Physics, asked by farzeenali581, 11 months ago

Kinetic energy of body is increased by 44 what is the percentage increase in the momentum

Answers

Answered by gayatrideshmukhoffic
0

Answer:

The relation is

Ke=p^2÷2m

Now,

Ke'=ke+44%ofke

=Ke+0.44ke

Ke' =1.44ke

P'^2÷2m=1.44p^2÷2m

P'2=1.44p^2

P'=1.2p

Now %increase in momentum,

={(P'-p)÷p}×100

={(1.2p-p)÷p}×100

={0.2p÷p}×100

=0.2×100

=20%

Hence momentum will increase by 20%xplanation:

Answered by TheUnsungWarrior
0

Given:  kinetic energy of a body is increased by 44%.
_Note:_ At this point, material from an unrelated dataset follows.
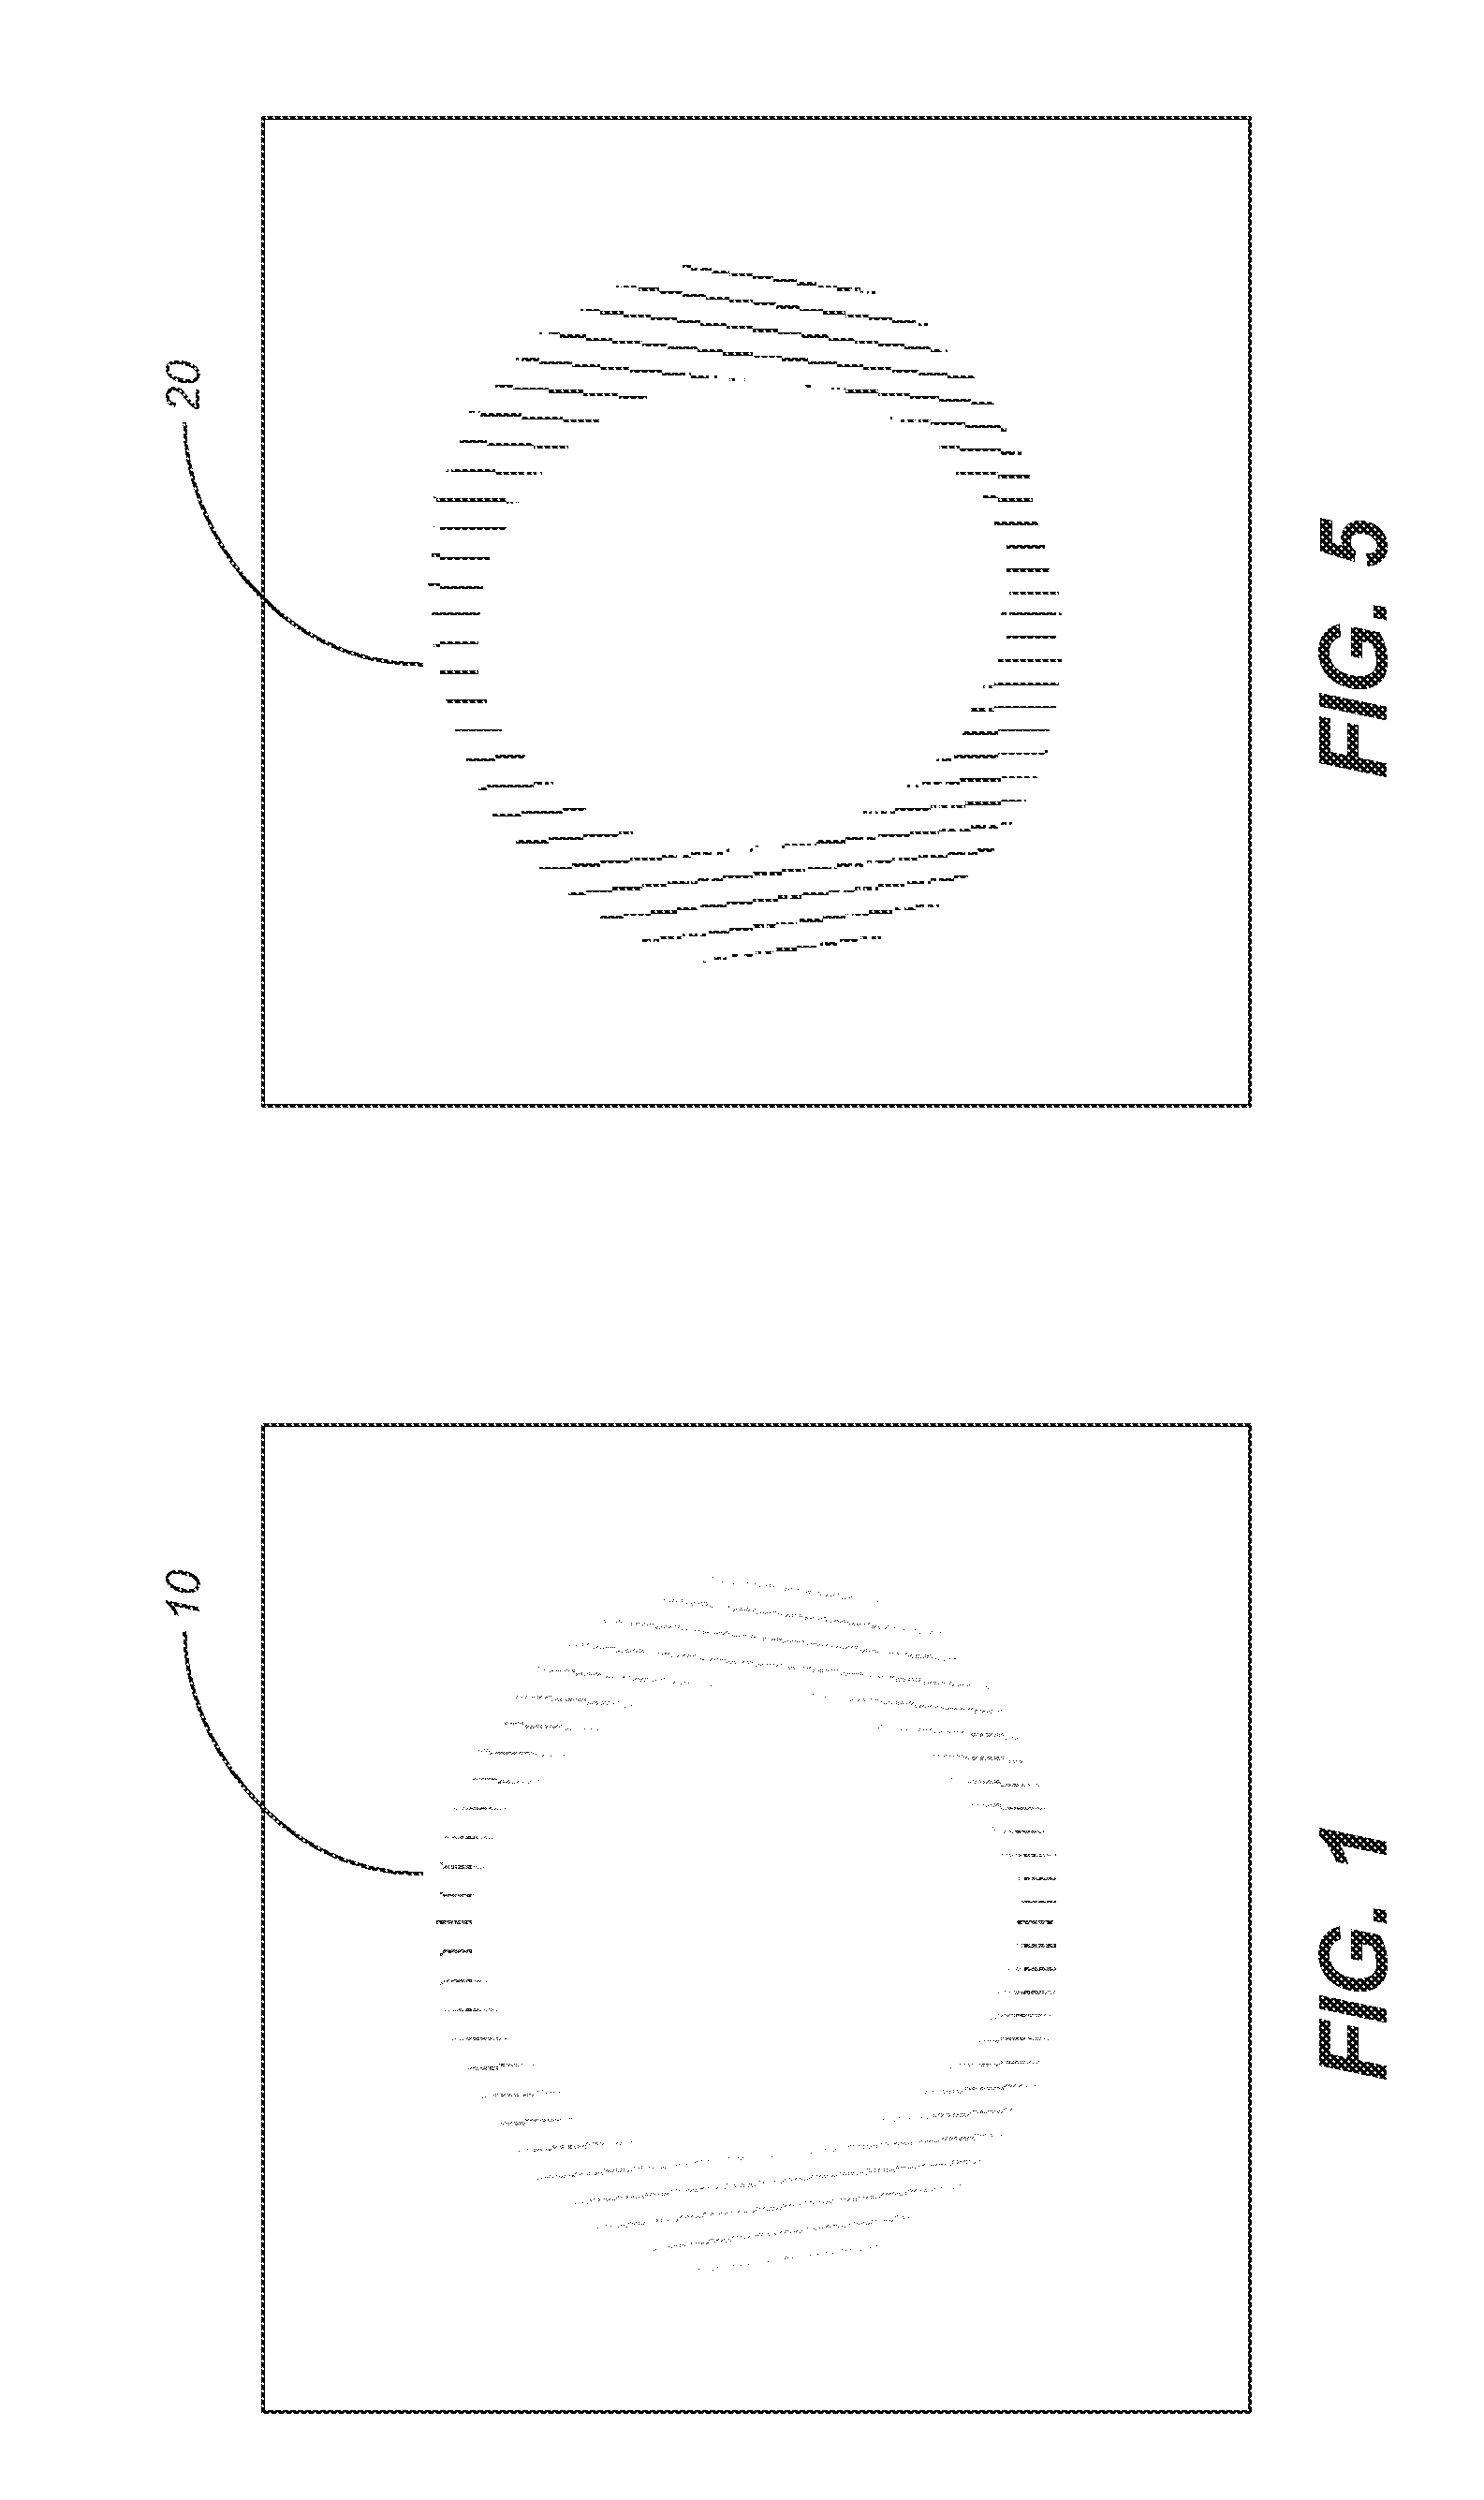 Method and apparatus to produce ultrasonic images using multiple apertures

To find: percentage change in momentum.

Solution: Let the initial kinetic energy be K.E.i

Then the final kinetic energy will be given by as per the question:

           K.E.f = K.E.i + K.E.i × 44%

           K.E.f = K.E.i + K.E.i × 44/ 100

            K.E.f = 144 K.E.i/100 _____(1)

Now, through the concept of error analysis, we know that the % change in momentum is given by ;

      % change in p =( Pf - Pi / Pi) × 100

Putting the given values in the formula, we get:

⇒ ( √2mK.E.f - √2mK.E.i / √2mK.E.i ) × 100

⇒√2m/ √2m ( √K.E.f - √K.E.i / √K.E.i ) × 100

⇒ (√144K.E.i/100 - √K.E.i / √K.E.i ) × 100

⇒ √K.E.i / √K.E.i ( √144/100 - 1/ 1) × 100

⇒ ( 12 - 10/10/1 ) × 100

⇒ 2/ 10 × 100

⇒ 20%

Hence, the % change in momentum is 20%.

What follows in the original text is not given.